Area = Area(F-Center-E) + Area(C-Center-F). This is not correct.
Let's use coordinates: Center at (0,0), s=7. A=(7,0). B=(3.5, 3.5\(\sqrt{3}\)). C=(-3.5, 3.5\(\sqrt{3}\)). D=(-7,0).
E=(-3.5, -3.5\(\sqrt{3}\)). F=(3.5, -3.5\(\sqrt{3}\)).
Vertices are F(3.5, -3.5\(\sqrt{3}\)), C(-3.5, 3.5\(\sqrt{3}\)), E(-3.5, -3.5\(\sqrt{3}\)).
This is a right-angled triangle with the right angle at E.
Base is CE on the vertical line x=-3.5. Length of CE = \(3.5\sqrt{3} - (-3.5\sqrt{3}) = 7\sqrt{3}\).

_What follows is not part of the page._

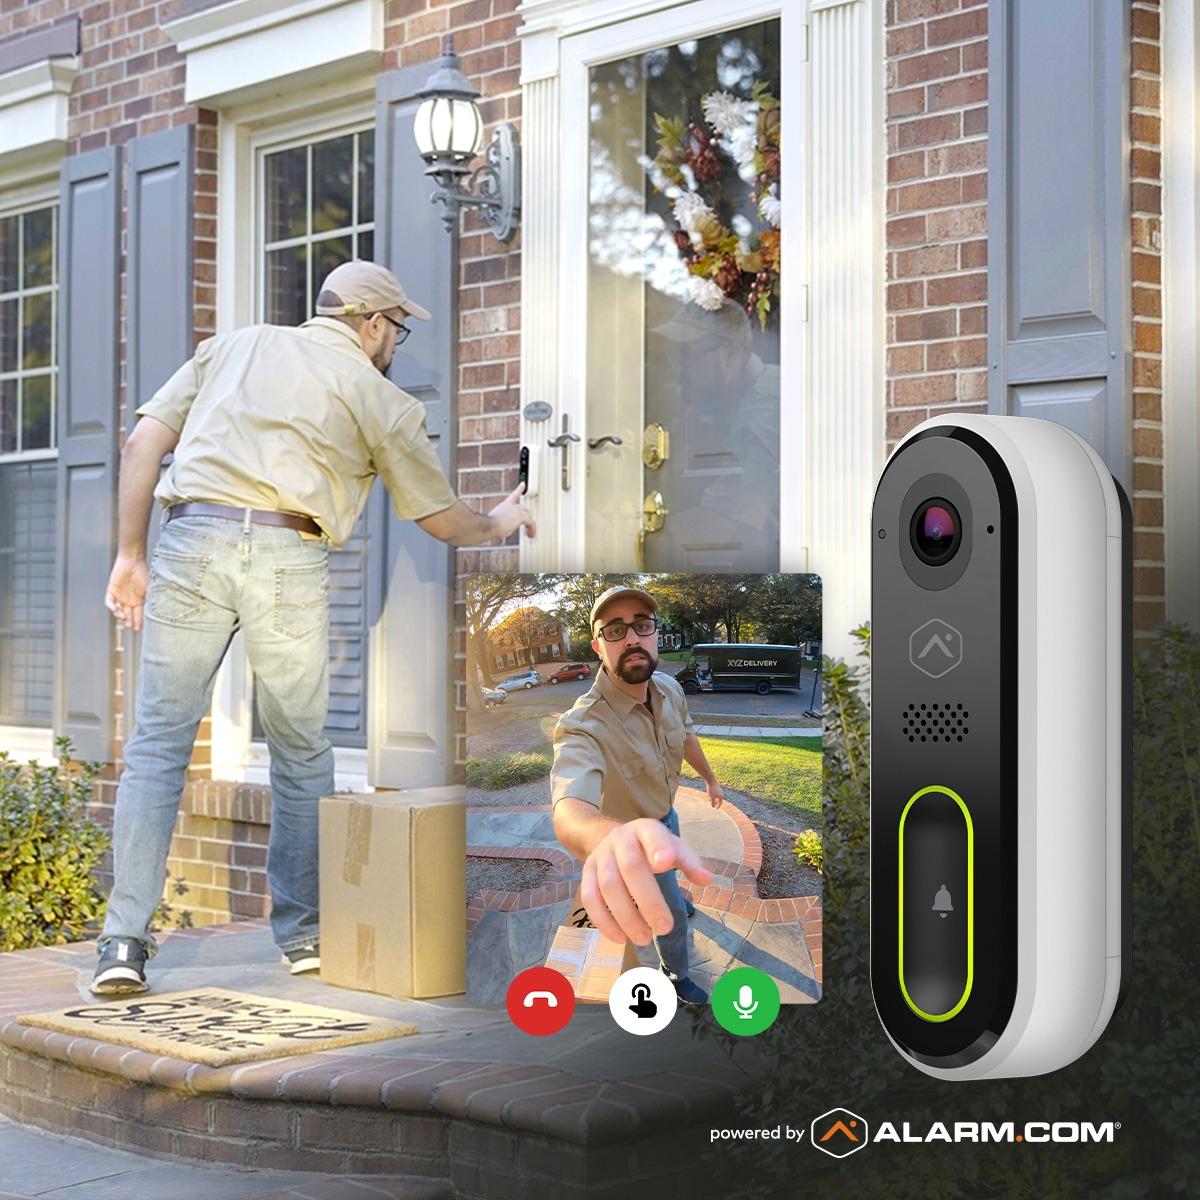 ups usps fedex driver using Amherst Alarm video doorbell alarm.com

Height is the horizontal distance from F to the line x=-3.5. Length of height = \(3.5 - (-3.5) = 7\).
Area = \( \frac{1}{2} \times \text{base} \times \text{height} = \frac{1}{2} \times 7\sqrt{3} \times 7 = \frac{49\sqrt{3}}{2} \).
Since we found a unique value for the area, statement (1) is sufficient.
Step 3: Analysis of Statement (2)
Statement (2) gives \(EC = 7\sqrt{3}\). EC is a short diagonal of the hexagon. If we assume the hexagon is regular, then the length of a short diagonal is \(s\sqrt{3}\). So \(s\sqrt{3} = 7\sqrt{3}\), which implies \(s = 7\). This would make it sufficient. However, the statement does not say the hexagon is regular. An irregular hexagon could have a diagonal of length \(7\sqrt{3}\) without all its sides being 7. Without knowing the hexagon is regular, we do not know the coordinates or positions of the other vertices (like F), so we cannot calculate the area of triangle FCE.
Therefore, Statement (2) ALONE is not sufficient.
Step 4: Final Answer
Statement (1) alone is sufficient, but Statement (2) alone is not. The correct answer is (A).